Overview:: Start the buffer’s used_data_remover thread if enables track_used_data.

state_dict() → dict[源代码]¶

Overview:

Provide a state dict to keep a record of current buffer.

Returns:

state_dict (Dict[str, Any]): A dict containing all important values in the buffer. With the dict, one can easily reproduce the buffer.

update(info: dict) → None[源代码]¶

Overview:

Update a data’s priority. Use repaly_buffer_idx to locate, and use replay_unique_id to verify.

Arguments:

info (dict): Info dict containing all necessary keys for priority update.

ArgumentsKeys:

necessary: replay_unique_id, replay_buffer_idx, priority. All values are lists with the same length.

EpisodeReplayBuffer¶

class ding.worker.replay_buffer.episode_buffer.EpisodeReplayBuffer(cfg: EasyDict, tb_logger: SummaryWriter | None = None, exp_name: str | None = 'default_experiment', instance_name: str | None = 'buffer')[源代码]¶

Overview:: Episode replay buffer is a buffer to store complete episodes, i.e. Each element in episode buffer is an episode. Some algorithms do not want to sample batch_size complete episodes, however, they want some transitions with some fixed length.

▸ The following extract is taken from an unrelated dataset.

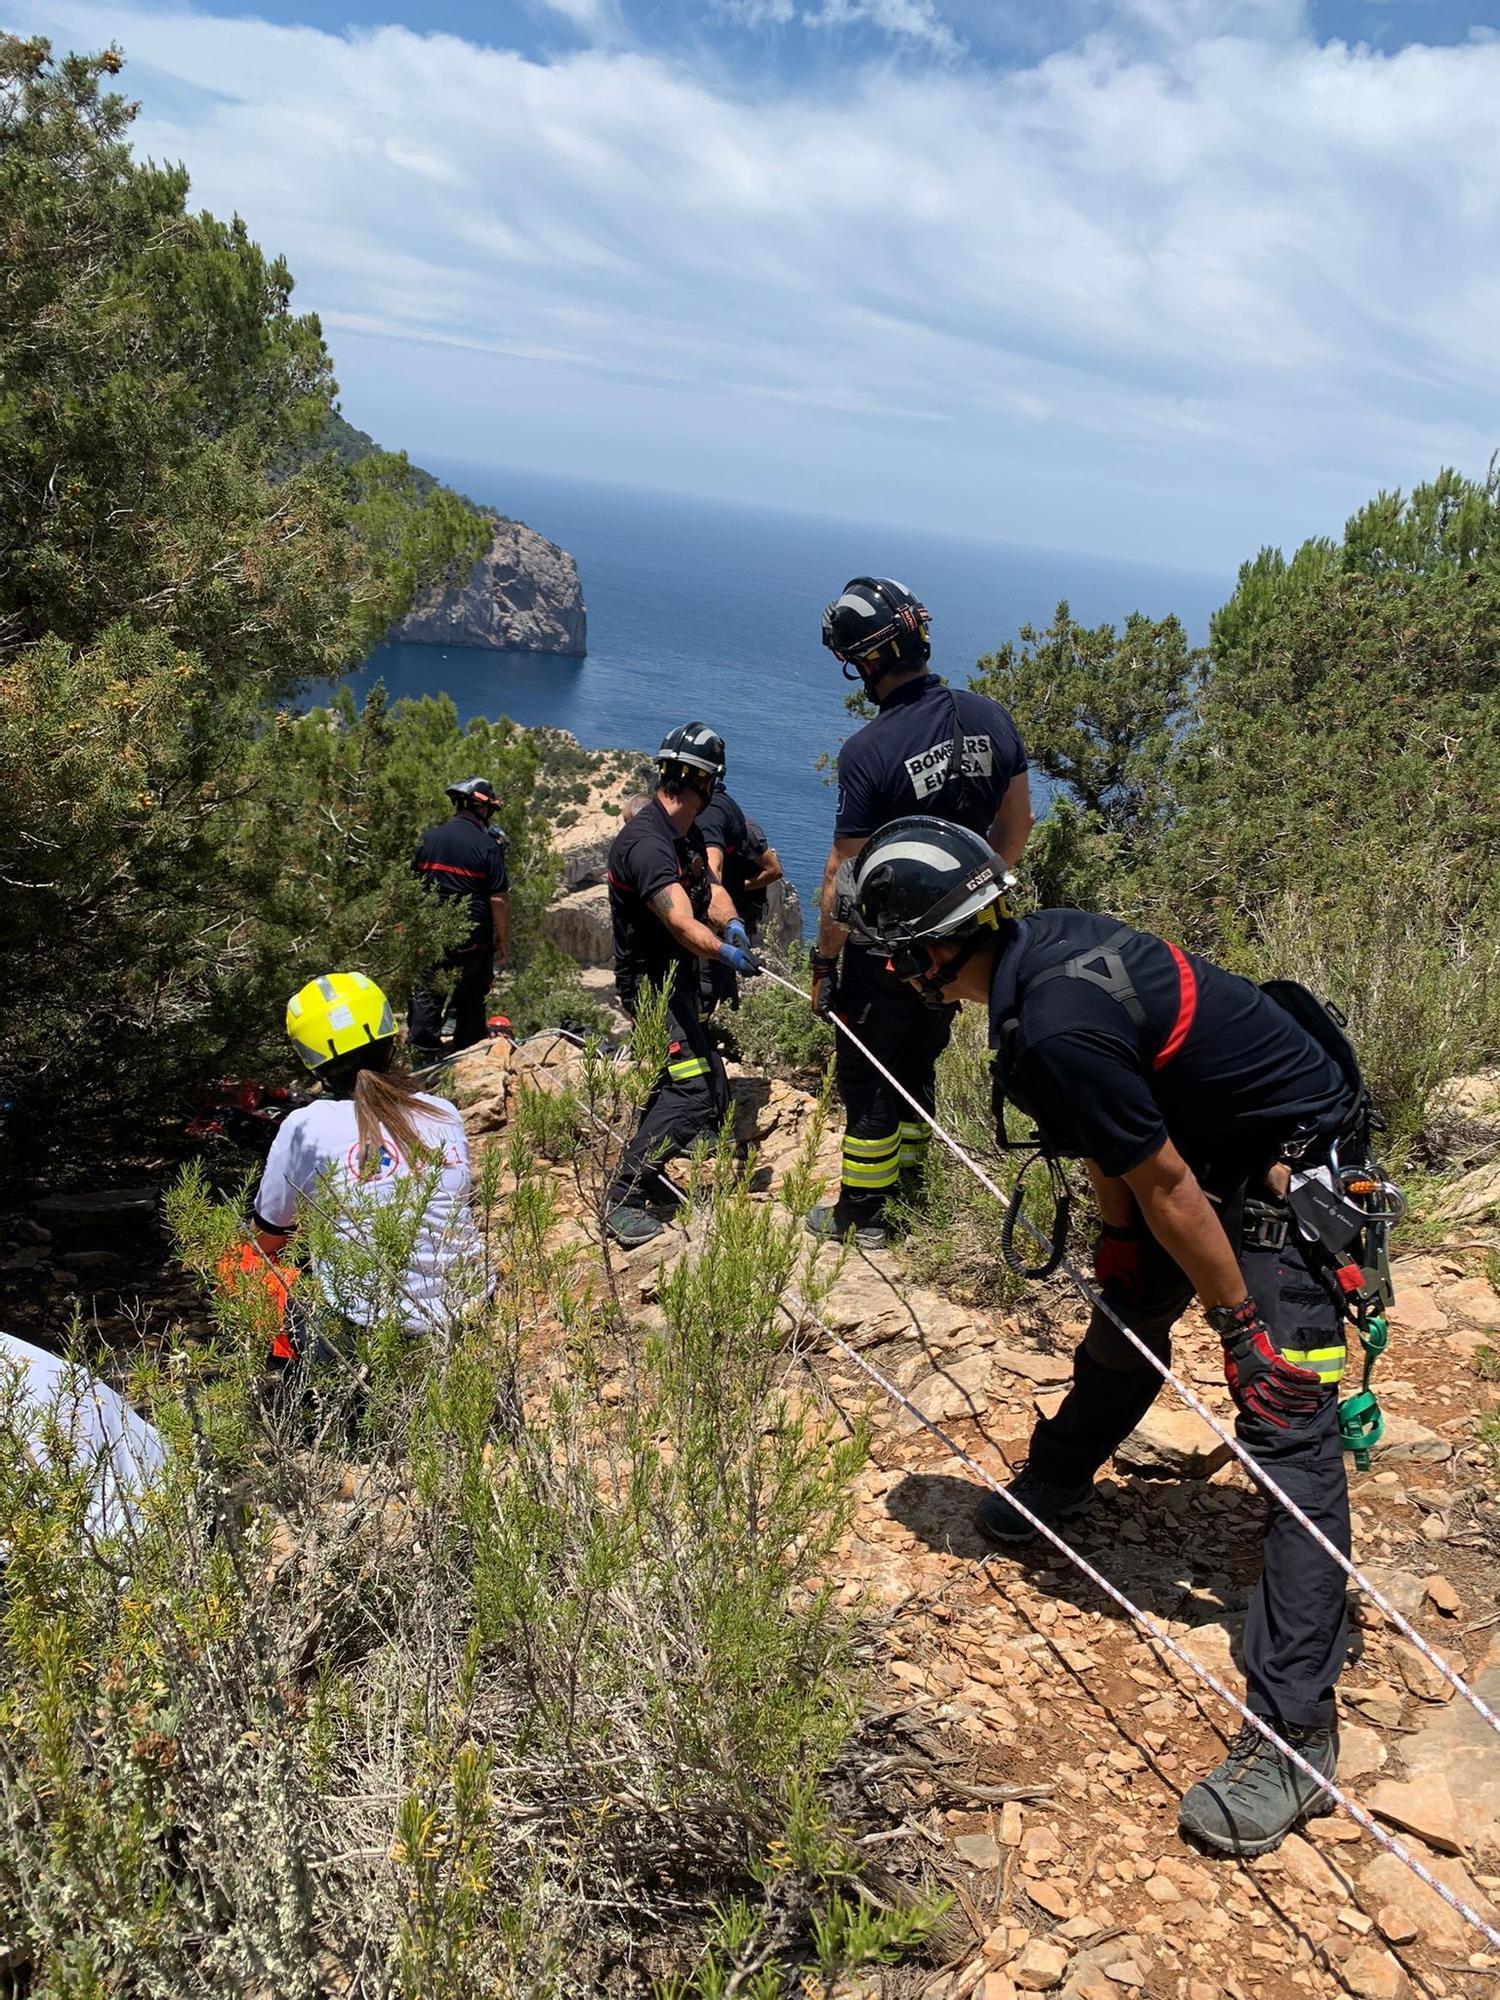 Escalada accidentada en Ibiza: tres personas resultan heridas, una de gravedad

As a result, sample should be overwritten for those requirements.
Interface:: start, close, push, update, sample, clear, count, state_dict, load_state_dict, default_config

__init__(cfg: EasyDict, tb_logger: SummaryWriter | None = None, exp_name: str | None = 'default_experiment', instance_name: str | None = 'buffer') → None¶

Overview:

Initialize the buffer

Arguments:

cfg (dict): Config dict.
tb_logger (Optional['SummaryWriter']): Outer tb logger. Usually get this argument in serial mode.
exp_name (Optional[str]): Name of this experiment.
instance_name (Optional[str]): Name of this instance.

clear() → None¶

Overview:: Clear all the data and reset the related variables.

close() → None¶

Overview:: Clear the buffer; Join the buffer’s used_data_remover thread if enables track_used_data.

count() → int¶

Overview:

Count how many valid datas there are in the buffer.

Returns:

count (int): Number of valid data.

classmethod default_config() → EasyDict¶

Overview:

Default config of this buffer class.

Returns:

default_config (EasyDict)

load_state_dict(_state_dict: dict) → None¶

Overview:

Load state dict to reproduce the buffer.

Returns:

state_dict (Dict[str, Any]): A dict containing all important values in the buffer.

push(data: List[Any] | Any, cur_collector_envstep: int) → None¶

Overview:

Push a data into buffer.

Arguments:

data (Union[List[Any], Any]): The data which will be pushed into buffer. Can be one
(in Any type), or many(int List[Any] type).
cur_collector_envstep (int): Collector’s current env step.
Not used in naive buffer, but preserved for compatibility.

sample(size: int, cur_learner_iter: int, sample_range: slice | None = None, replace: bool = False) → list | None¶

Overview:

Sample data with length size.

Arguments:

size (int): The number of the data that will be sampled.
cur_learner_iter (int): Learner’s current iteration. Not used in naive buffer, but preserved for compatibility.
sample_range (slice): Buffer slice for sampling, such as slice(-10, None), which means only sample among the last 10 data
replace (bool): Whether sample with replacement

Returns:

sample_data (list): A list of data with length size.

start() → None¶

Overview:: Start the buffer’s used_data_remover thread if enables track_used_data.

state_dict() → dict¶

Overview:

Provide a state dict to keep a record of current buffer.

Returns:

state_dict (Dict[str, Any]): A dict containing all important values in the buffer. With the dict, one can easily reproduce the buffer.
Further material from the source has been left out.